Re: NullPointerException in DataImportHandler

Andrew Clegg
<quote author="Chantal Ackermann">
Hi Andrew,

your inner entity uses an XML type datasource. The default entity
processor is the SQL one, however.

For your inner entity, you have to specify the correct entity processor
explicitly.

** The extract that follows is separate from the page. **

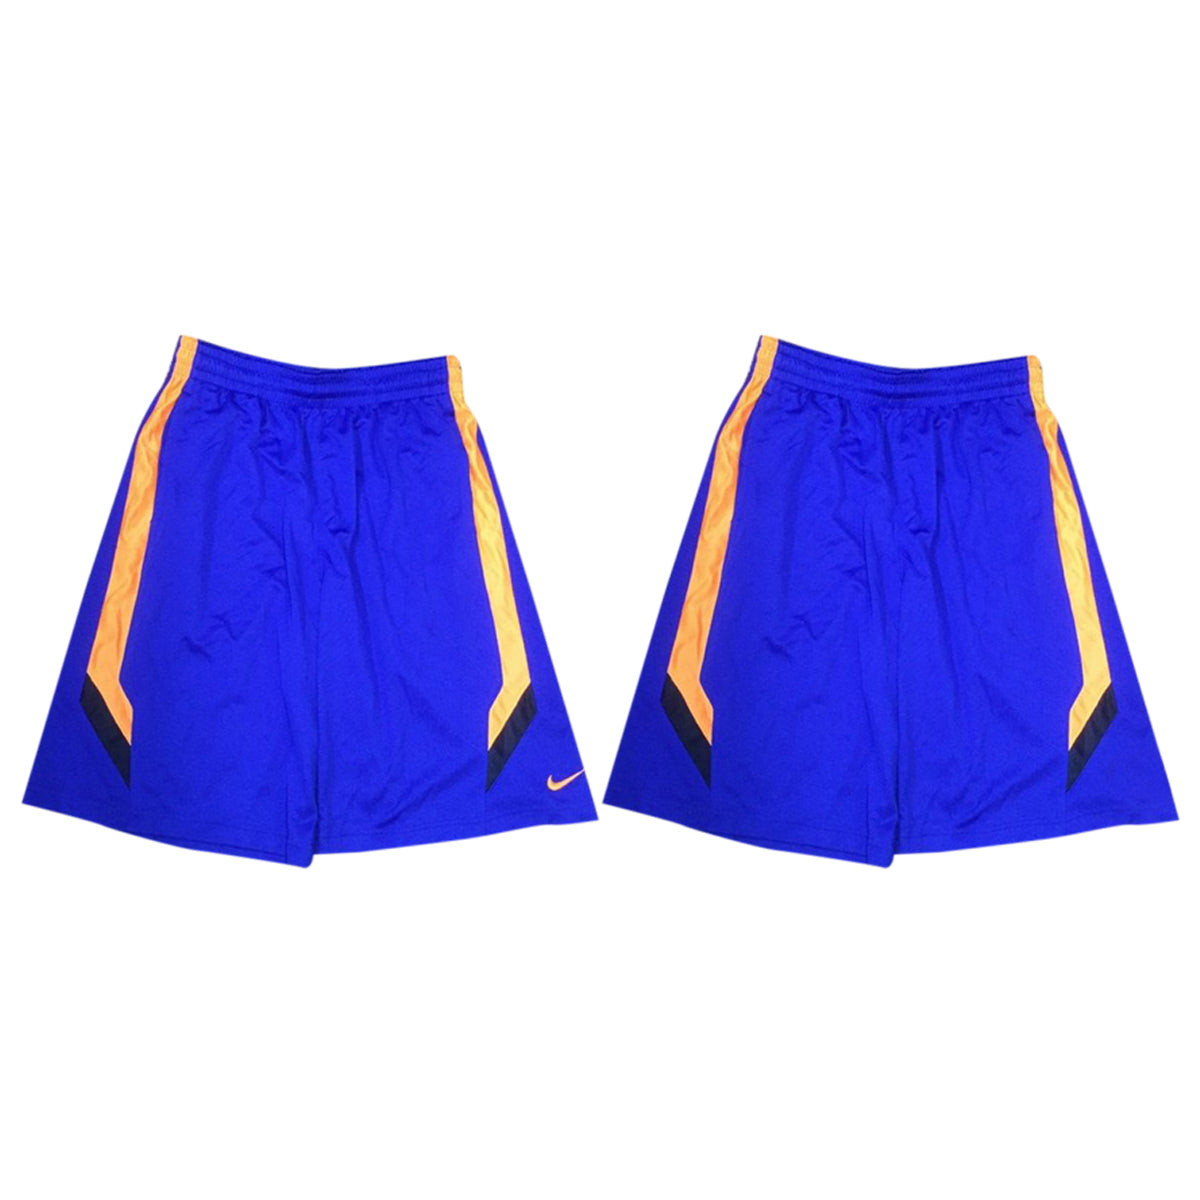 Nike Dri-fit Shorts Mens Style : 532346-489
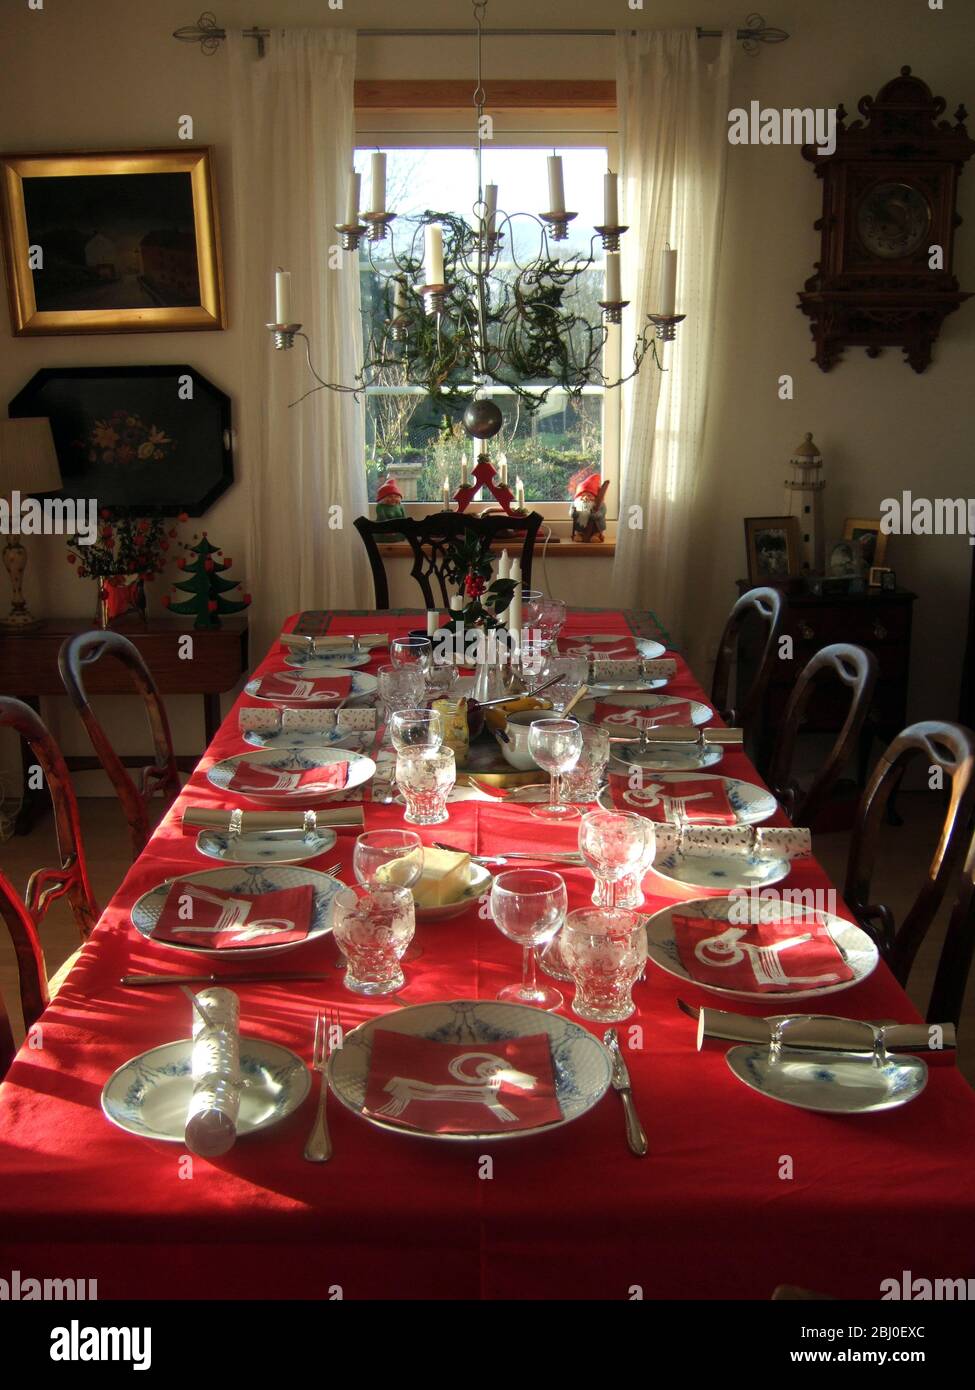 Sonnenlicht scheint in auf der Innenseite mit langen Tisch für Weihnachtsessen mit roten Tischdecke und beste china gelegt, - Stockfoto

You do that by adding the attribute "processor", and the
value is the classname of the processor you want to use.

e.g. <entity dataSource="filesystem" name="domain_pdb"
processor="XPathEntityProcessor" ....
</quote>

Thanks -- I was also missing a forEach expression -- in my case, just "/" since each XML file contains the information for no more than one document.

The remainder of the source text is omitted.